▶ **Source material**
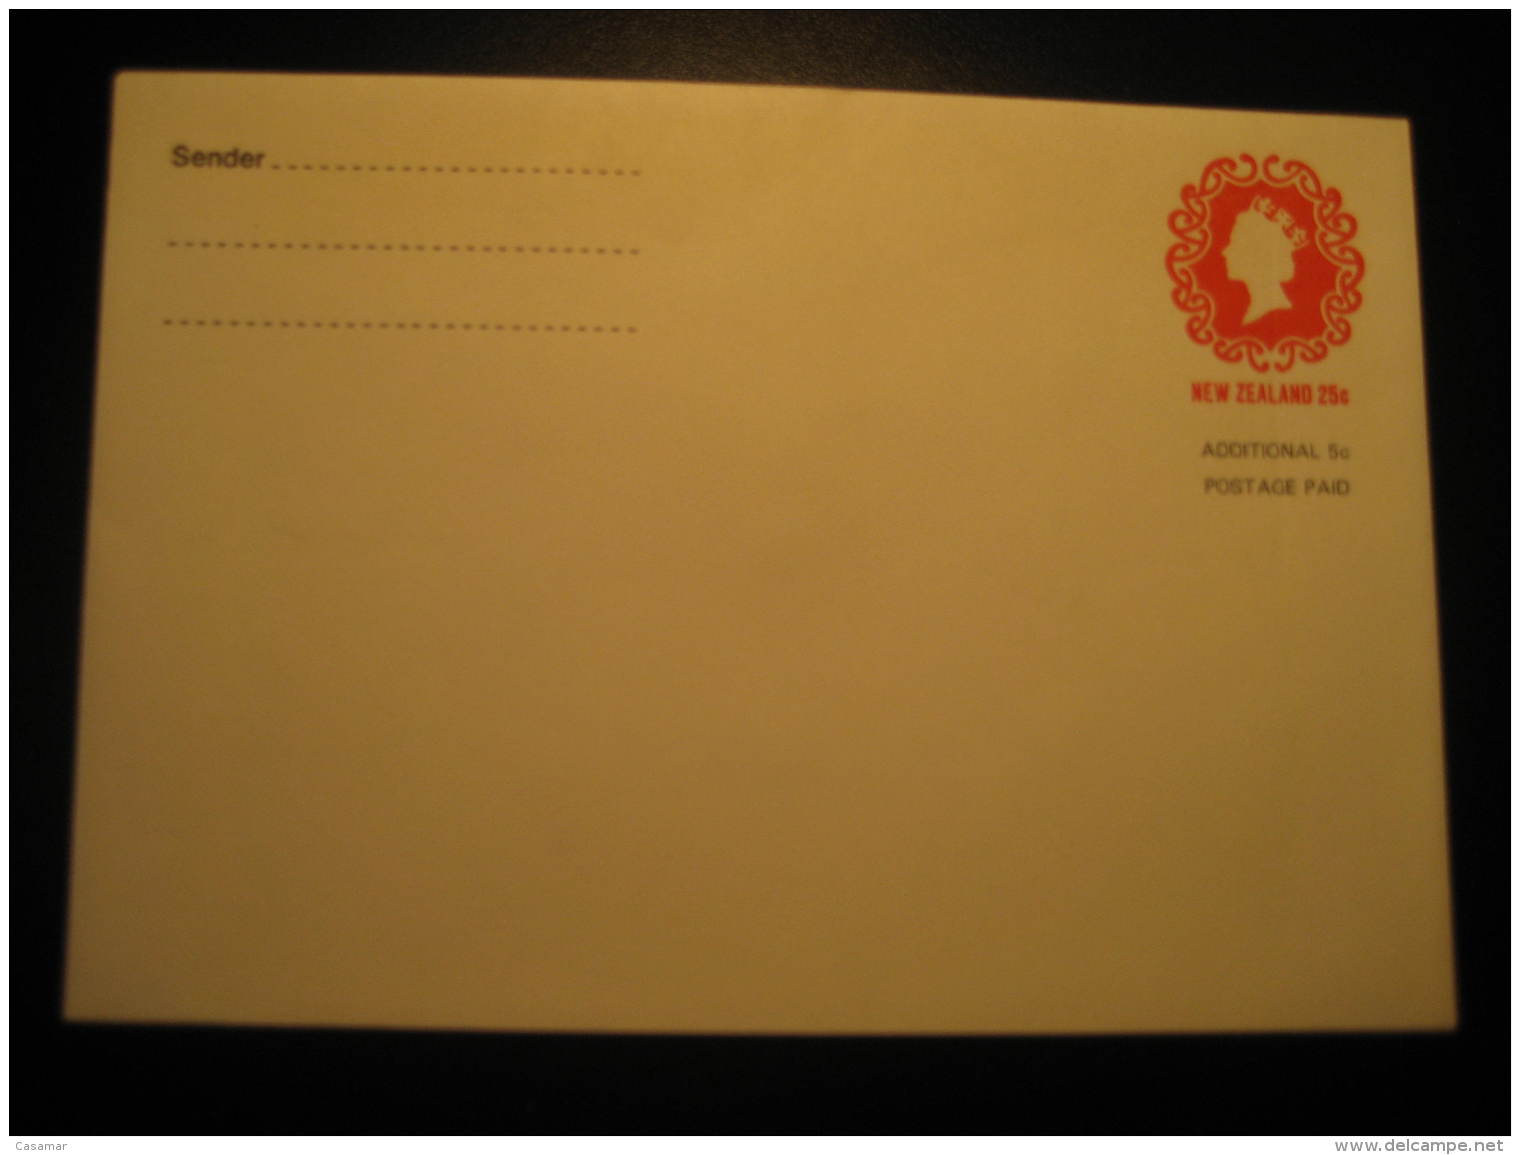 25c Additional 5c Postage Paid Postal Stationery Cover New Zealand - Ganzsachen
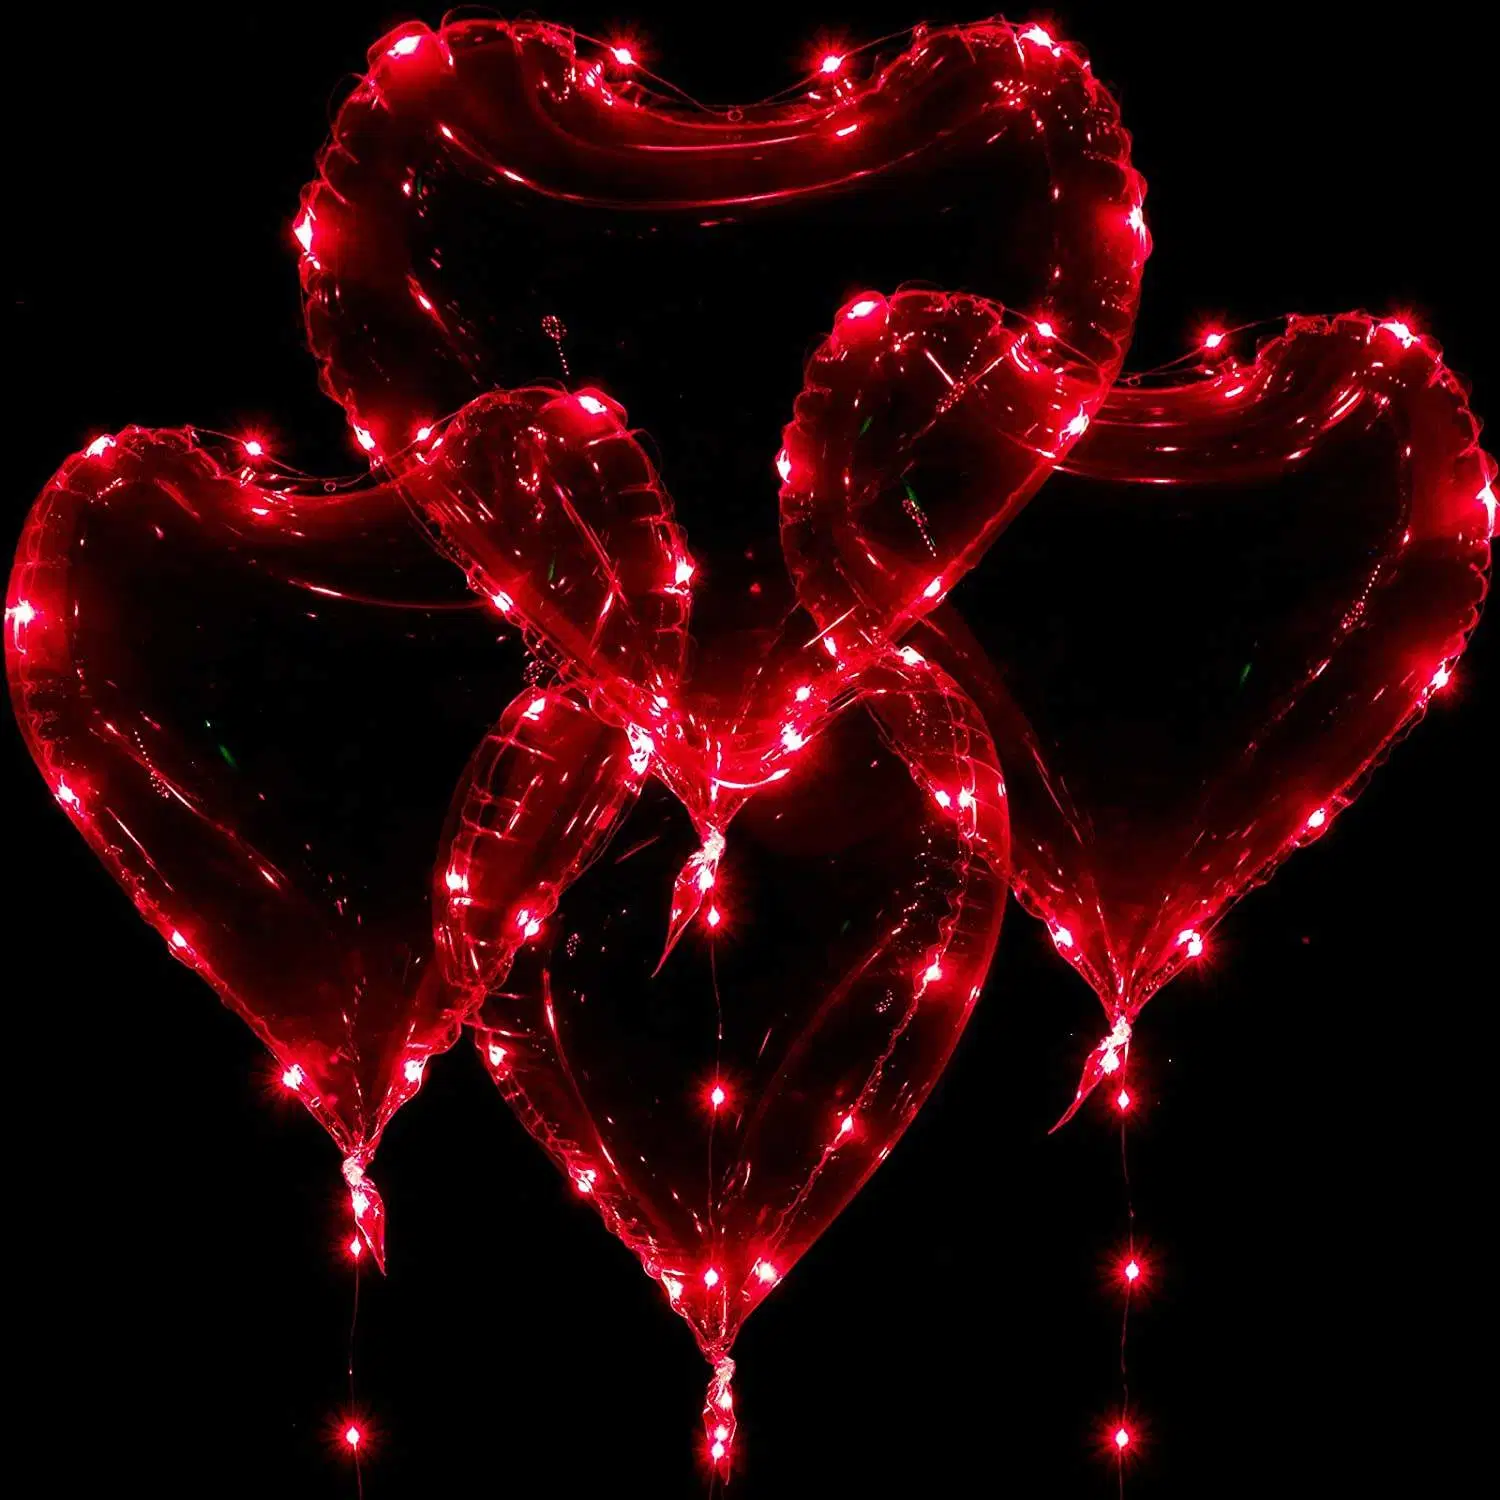 Large Clear Light up Heart Bobo Balloons with 10FT LED Red String Lights for Valentines Day Wedding Christmas
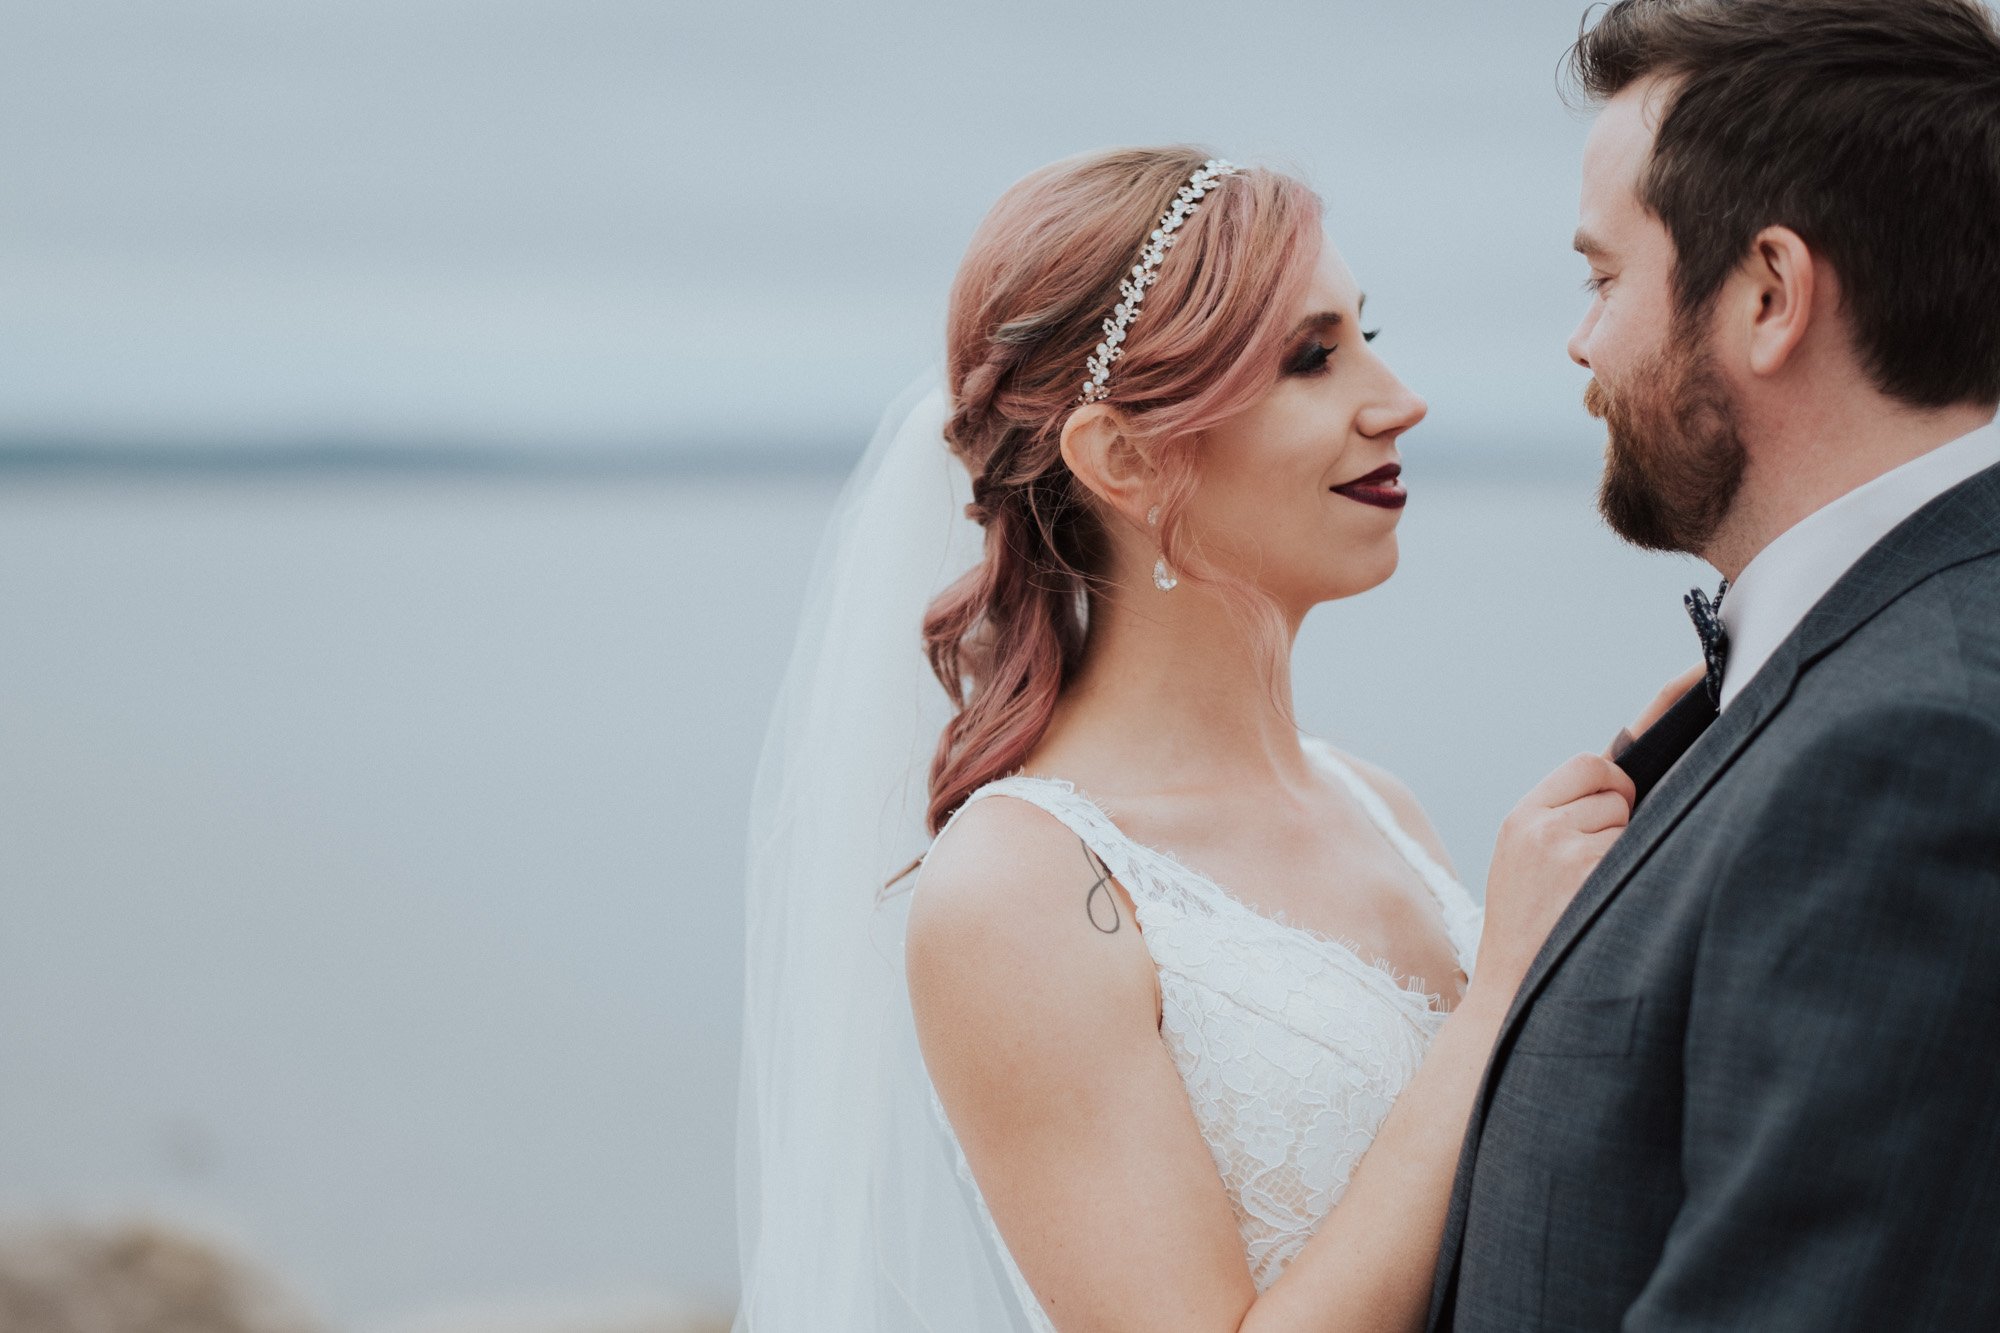 Wild Rosebuds | Shooting a wedding with the Fujifilm X-T20 with the 56mm F1.2 lens 
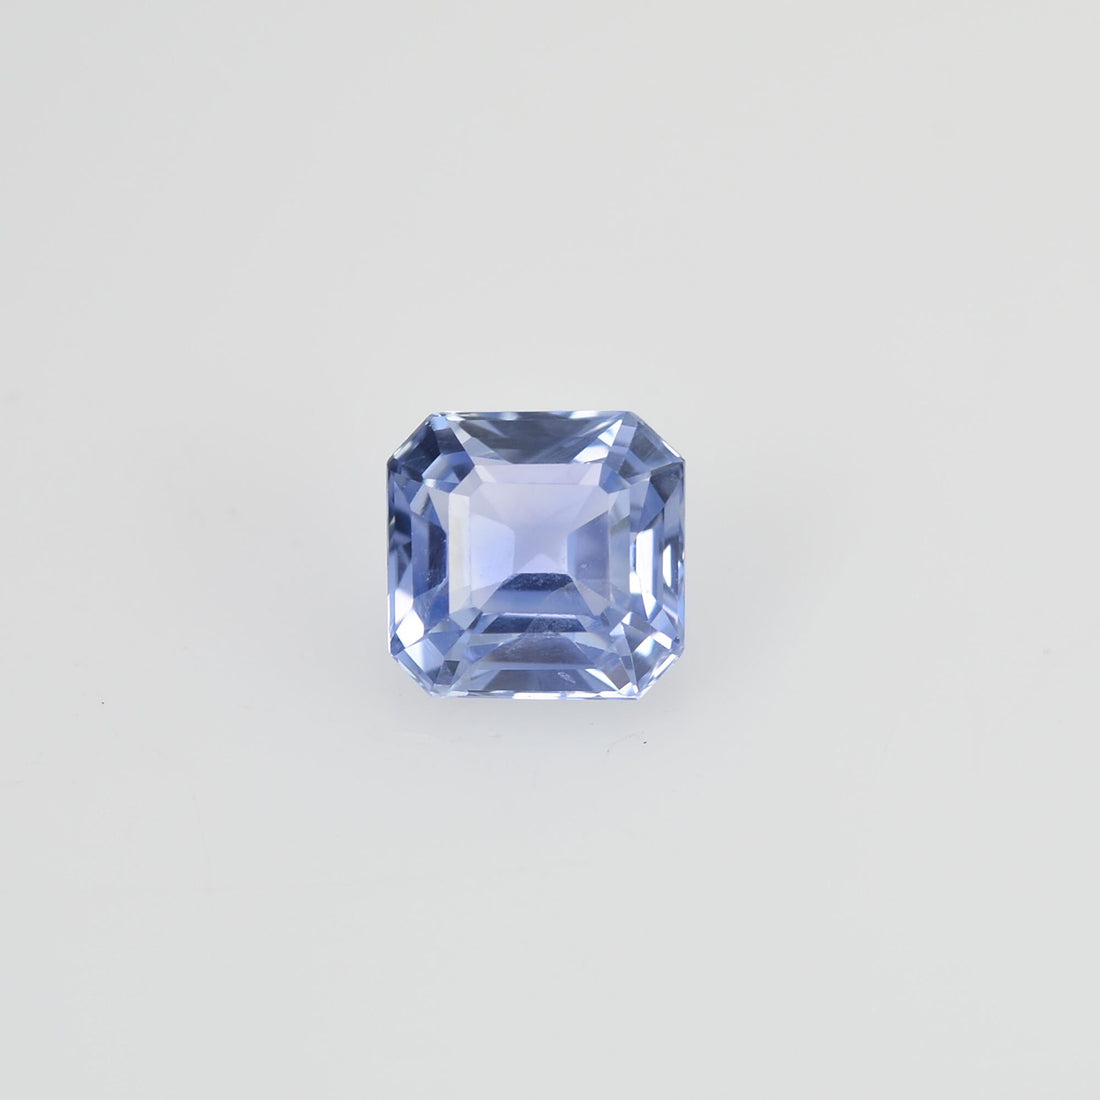 0.85 cts Unheated Natural Blue Sapphire Loose Gemstone Octagon Cut

▶ **Work request**
Every line of the listing must be reproduced exactly, though the pictures are to be left out.

▶ **Result of the task**
 25c Additional 5c Postage Paid Postal Stationery Cover New Zealand - Ganzsachen
 Large Clear Light up Heart Bobo Balloons with 10FT LED Red String Lights for Valentines Day Wedding Christmas
 Wild Rosebuds | Shooting a wedding with the Fujifilm X-T20 with the 56mm F1.2 lens 
 0.85 cts Unheated Natural Blue Sapphire Loose Gemstone Octagon Cut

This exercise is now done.